Так восклицали только мученики первой зари христианства в ответ на подобные и жестокие крики торжествующего язычества: «Christianos ad leones!» — «Христиан — ко львам!»

Велика же была эта мука человеческая, что бумаге одной поверялась в таких криках душевного терзания! Воздадут они за Мотовилова в страшный день судный!...

Близость к Антонию, общение с ним в духе, враждебно настроенный к исповеднику мир заставляли Мотовилова все свободное от хозяйственных забот и хлопот о быстро развивающемся Дивееве42 время отдавать высокопреосвященному. Шестьсот верст от Симбирского его имения, Цыльны, до Воронежа не были для него препятствием, да и вообще его душа не признавала никаких препятствий в исповедании своей любви и веры.

XXIII

Однажды, в конце шестой недели Великого поста, Мотовилов был в Сарове у игумена Нифонта. Приближалась ни ранняя, ни поздняя Пасха. На дворе стояло в разгаре весеннее распутье, но вода еще в реках и озерах не трогалась. Чего-то добившись для Дивеева от игумена (тогда Саров принимал еще материальное участие в его судьбах), Мотовилов на радостях с места собрался в Воронеж к Антонию встречать Пасху.

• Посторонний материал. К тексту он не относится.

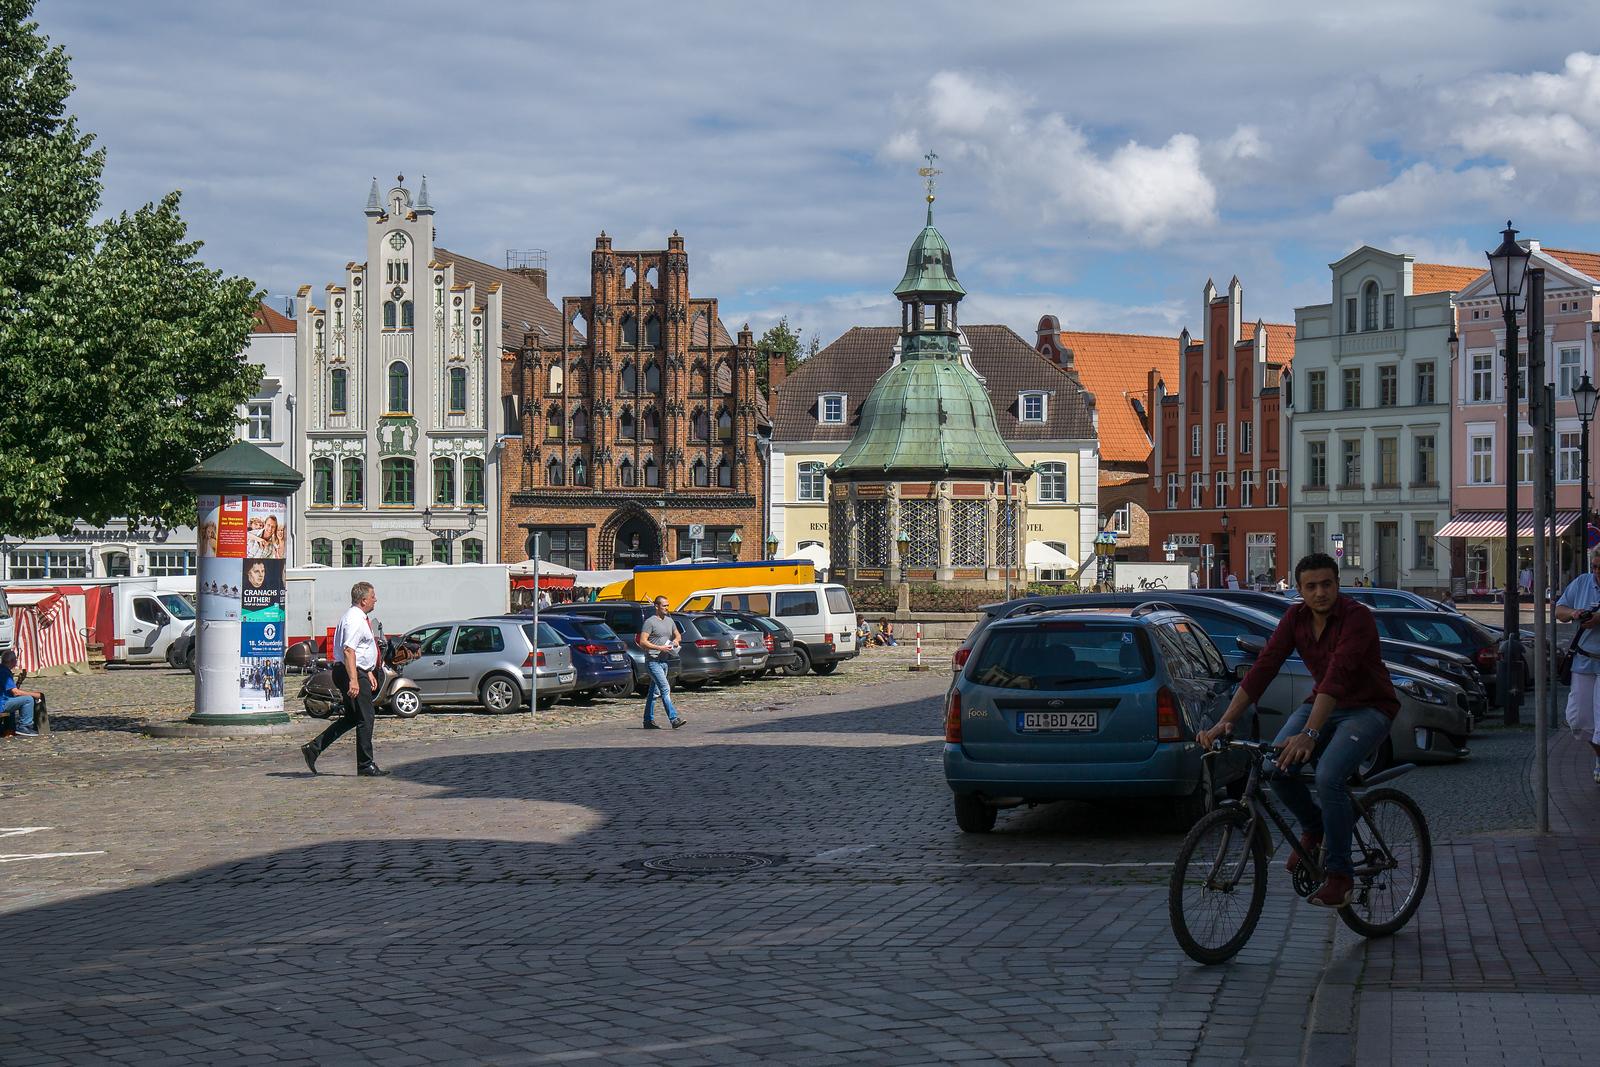 Marktplatz i Wismar jpg

— Безумие! Куда едешь в этакую непогодь? Ведь тебя зальет по дороге водой! — воскликнул ужаснувшийся игумен, добро расположенный к Николаю Александровичу.

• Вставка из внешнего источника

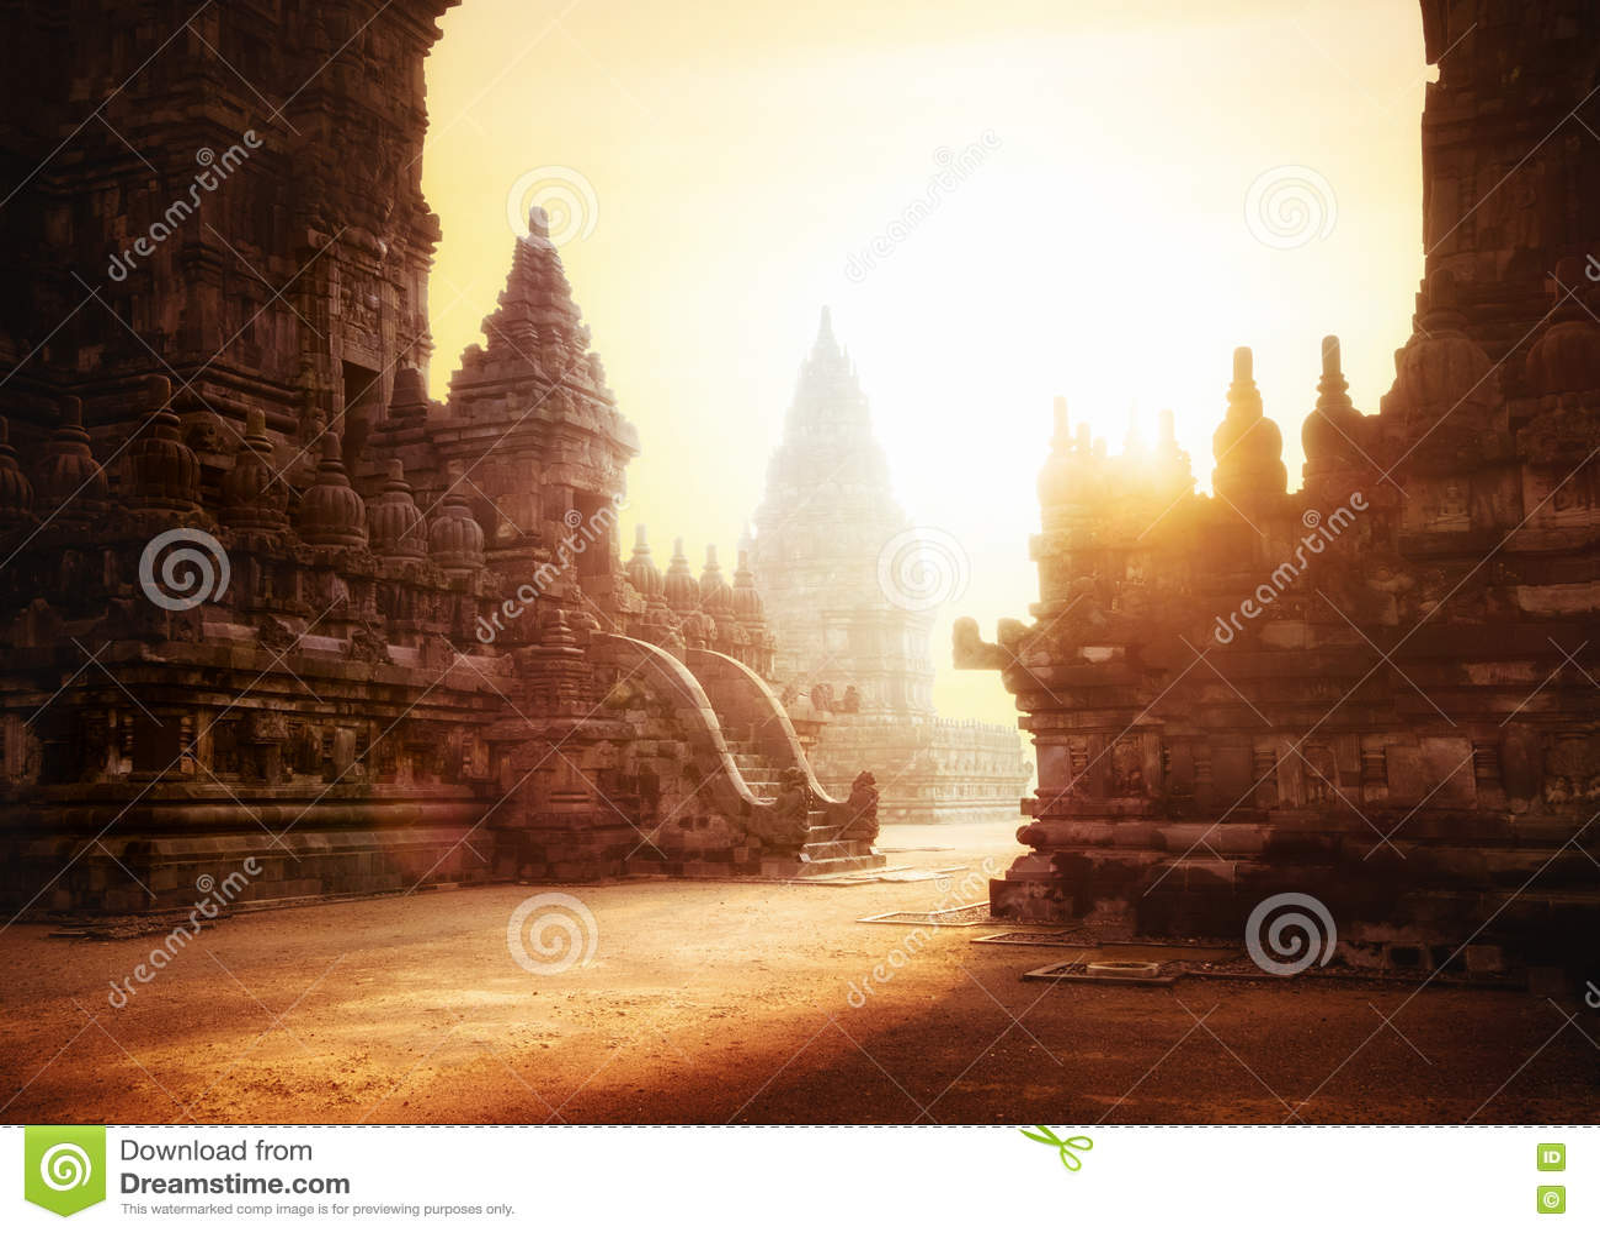 Lever de soleil au temple hindou de Prambanan Java, Indonésie

— Меня Антоний будет ждать. А лошади-то у меня вы сами знаете — какие43, — объявил Мотовилов, и тут же велел запрягать, и уехал в Воронеж.

Мотовиловские кони не выдали, и в Великую Субботу часам к двум или трем дня он уже был верстах в сорока или пятидесяти от Воронежа, в селе Княж-Байгора. Для сокращения пути ему надо было переезжать ниже прудовой плотины. Вешняя вода уже ломала лед и напирала на плотину. Крестьяне отговаривали переезжать по этому месту, утверждая, что плотину сейчас спустят, и советовали ехать в объезд. Ехать в объезд — значило опоздать к заутрени...

— Чего раздумывать! С Богом, пошел под плотиной! — крикнул Мотовилов. Да пошел скорей!

Кони рванулись и стрелой помчались к другому берегу.

Не успели сани долететь до половины опасного пути, как спустили воду, и вода отвесною стеной сажени в три вышиной налетела на Мотовилова и покрыла его, кучера и тройку; Мотовилов успел только крикнуть:

— Святитель Митрофан, спасай!

И больше уже ничего не помнил.

Очнулся он уже на другом берегу. Взмыленная тройка тяжело косила боками, с которых ручьем текла вода. Кучер весь мокрый стоял около саней и расталкивал потерявшего сознание барина. Сани были полны воды.

Опрокинули сани, отлили воду, обтерли чемодан и опять:

— Пошел скорее — к заутрени опоздаем!

Но к заутрени Мотовилов не опоздал. Обмерзлый и обледенелый, он входил в покои архиепископа как раз в тот момент, когда владыка уже шел в церковь.

Владыка его встретил словами:

— Святитель Митрофан мне возвестил чудесное спасение ваше, и что вы прибудете к нашей заутрени. Переодевайтесь скорее и идем вместе воздать хвалу Господу Богу за избавление ваше от наглой смерти!

Чемодан с вещами Мотовилова оказался внутри сухим.

XXIV

Эта заутреня памятна осталась Мотовилову. За Литургией, которую служил архиепископ Антоний, он с умилением и ужасом видел его окруженным светом немерцающего сияния, и, когда владыка выходил из алтаря благословлять народ и произносить молитву о вышнем благословении насажденного Господнею Десницей Его винограда, видел из уст Антония исходящий пламень в виде огненного языка, устремляющегося на служащих и на молящихся и окутывающего каждого из них своим неизреченным светом. Но не все удостаивались прикосновения этого дивного пламени: некоторые, до которых пламень касался, светлели и начинали сиять тем же светом, что и владыка; других этот Божественный пламень обходил, и они чернели, как уголь. В числе сослужащих был один протоиерей — его Мотовилов видел как бы всего опоясанным, как свивальниками, черными полосами. «Вид его, — пишет Мотовилов, — был как зебра, и впоследствии вскоре этот протоиерей был изобличен в каких-то дурных деяниях и извергнут из сана».

вернуться

42

Значение Мотовилова для Дивеева достаточно выяснено в летописи. Приложенный к этой летописи его портрет с надписью: «Благодетель Дивеевского монастыря» с достаточною силой указывает, что завет о. Серафима был им исполнен до конца.

вернуться

43

Мотовиловский конный завод был в свое время весьма известен в Симбирской губернии. Шестерик был им поднесен Государю Николаю I в подарок, за что Мотовилов был отдарен чудным бриллиантовым перстнем из Государева кабинета.